Your con-call invitation isn’t as enticing as you think

I enjoy talking shop, but not so much when I first need to call a toll-free number, punch in a four-to-six-digit code, press the pound key, speak my name after the beep and be dumped into a cybernetic void in which I must wait to hear the sound of another human voice.

Con-call invite from OutlookNo, I’m not a fan of conference calls. Part of that is a common rationale–they allow a PR minder to be on the line and make sure nobody says anything too compromising–but, really, most of it is the exasperating user experience.

That starts with the con-call invitation, which inexorably arrives on my Mac as a blank e-mail consisting only of a “Mail Attachment.ics” file. OS X’s Quick Look won’t reveal its contents, so I must open it in Calendar to see that it contains the number, con-call code and time that should have been in the e-mail itself.

Make me open another program to see what you’re talking about in your e-mail? No.

To judge from the headers of these messages, this is a Microsoft Outlook-transmitted social disease–sending a calendar invitation from inside that sprawling program must not offer the sender any hint of how it will be displayed to a recipient. In my case, it’s badly: Not only does Mail for OS X throw up its hands, the Gmail app for Android doesn’t even show this file.

(And yet Mail for iOS displays a nifty calendar widget for those invitation messages. Apple’s inability to keep its desktop mail client at feature parity with its mobile mail client is a subject for a future rant.)

After the aforementioned routine of punching in numbers and waiting for a response, I often face an extra challenge in con-calls with more than one executive, or in which the publicist and the executive are of the same gender: figuring out which of two or three white guys is speaking at any one time.

And have I mentioned that this is the tech business? There are good, Web-based conference systems that let you connect by clicking a link and then make it easy to tell who’s there and who’s talking.
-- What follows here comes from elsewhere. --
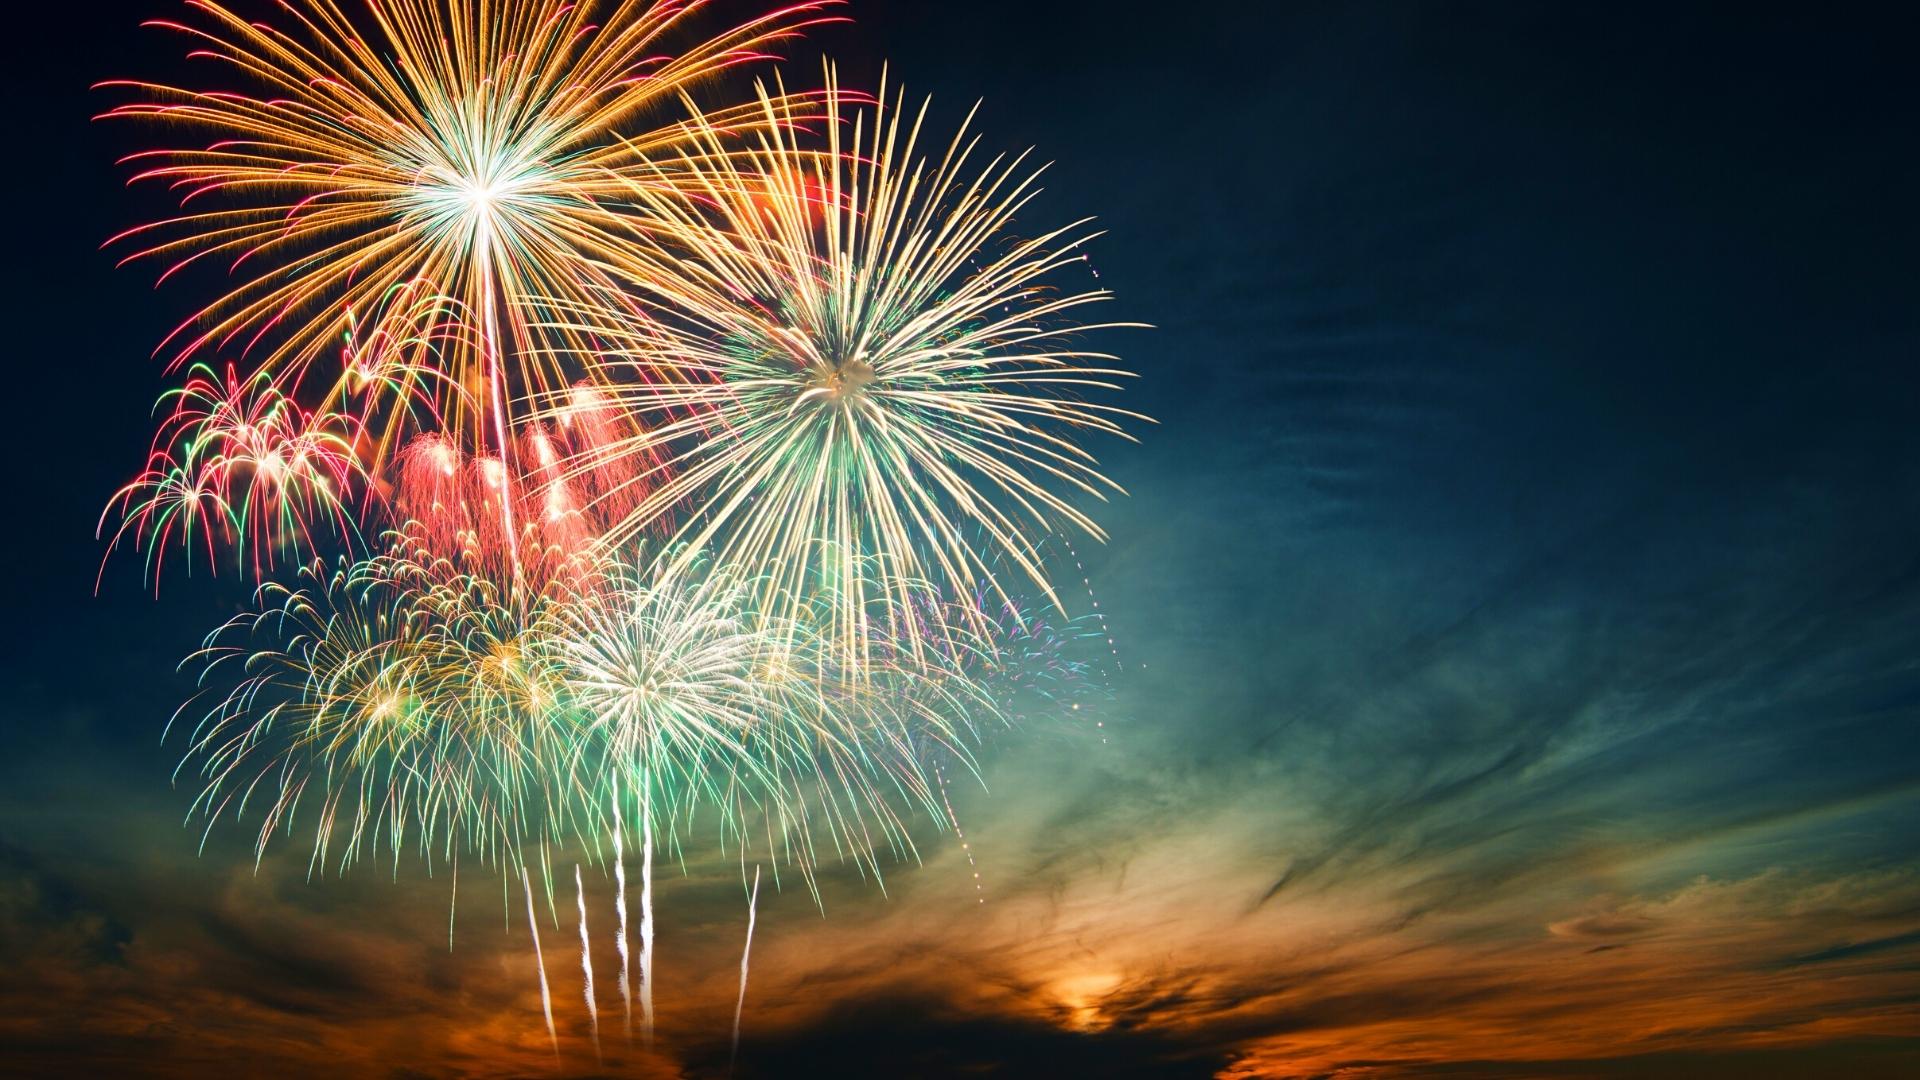 Oak Island Fireworks and Fourth of July Festival
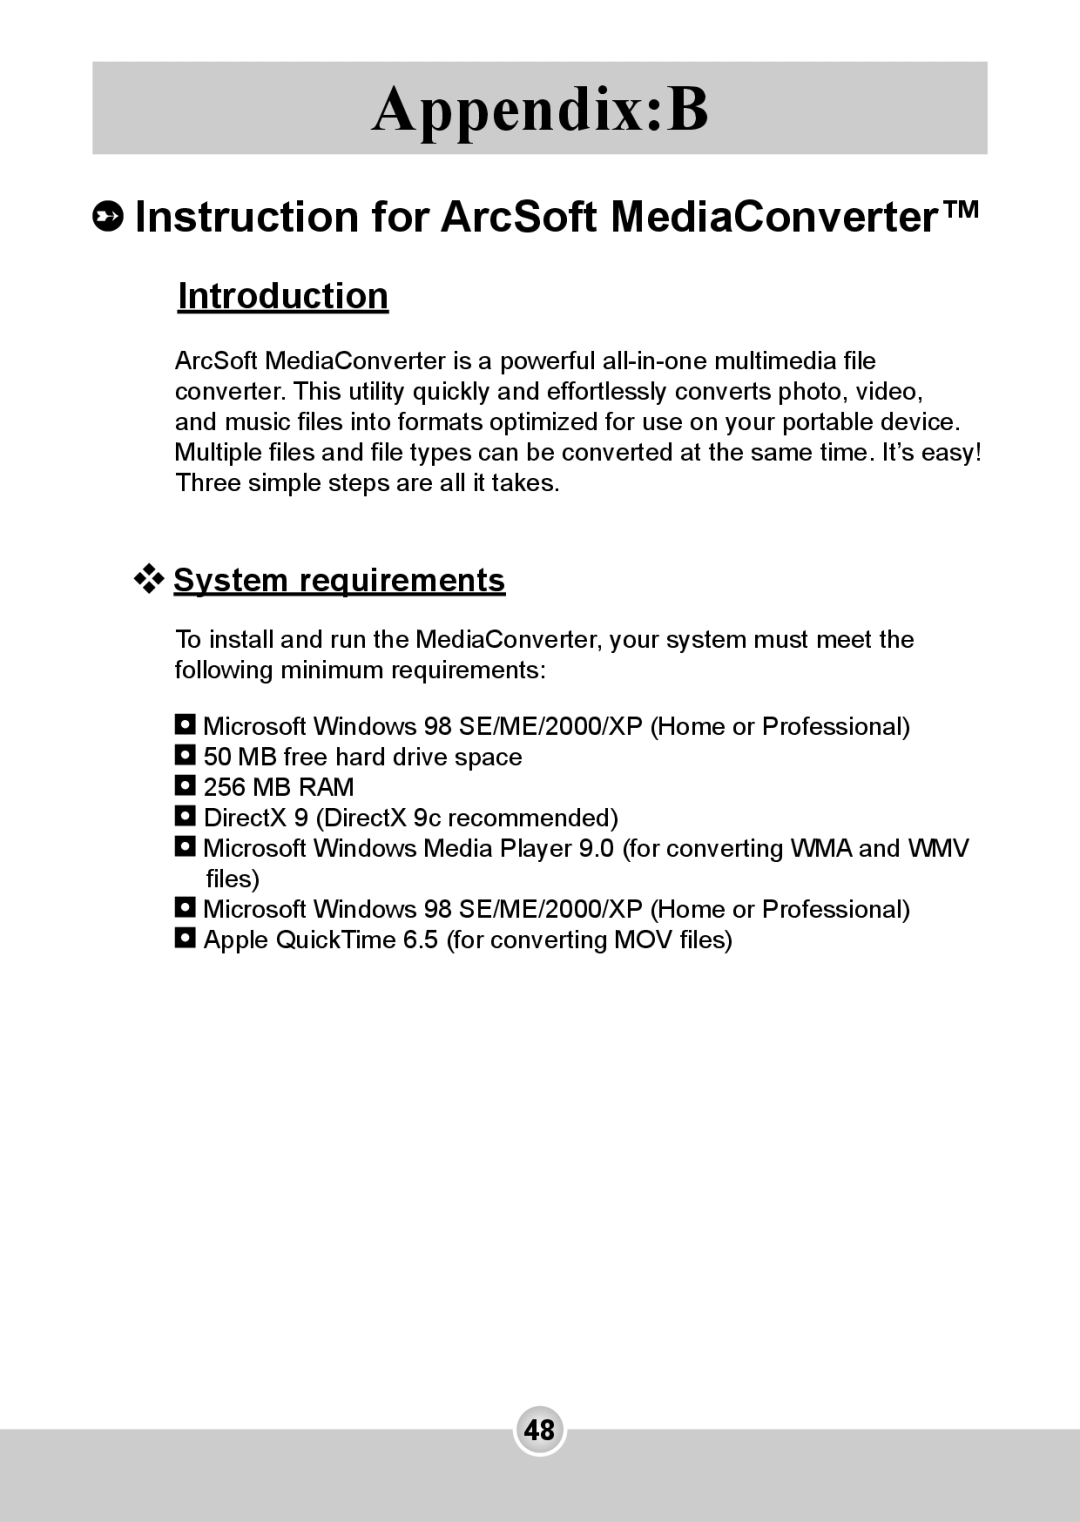 Nokia 6108 manual AppendixB, Instruction for ArcSoft MediaConverter, Introduction, System requirements

I’ve used UberConference and it was terrific; I hear great things about Speek but haven’t used it yet (note that a friend works at that D.C.-based startup); video chat through apps like Skype, Google+ Hangouts, Vidyo or Rabbit works too, as long as I tidy up the parts of my home office within camera view.

And yet when a company wants to talk up its technological prowess, we must jack into the AOL chat room of group voice communication. PR friends, if your client insists on that routine, can you at least do me a favor and dial my phone directly before patching me into the call?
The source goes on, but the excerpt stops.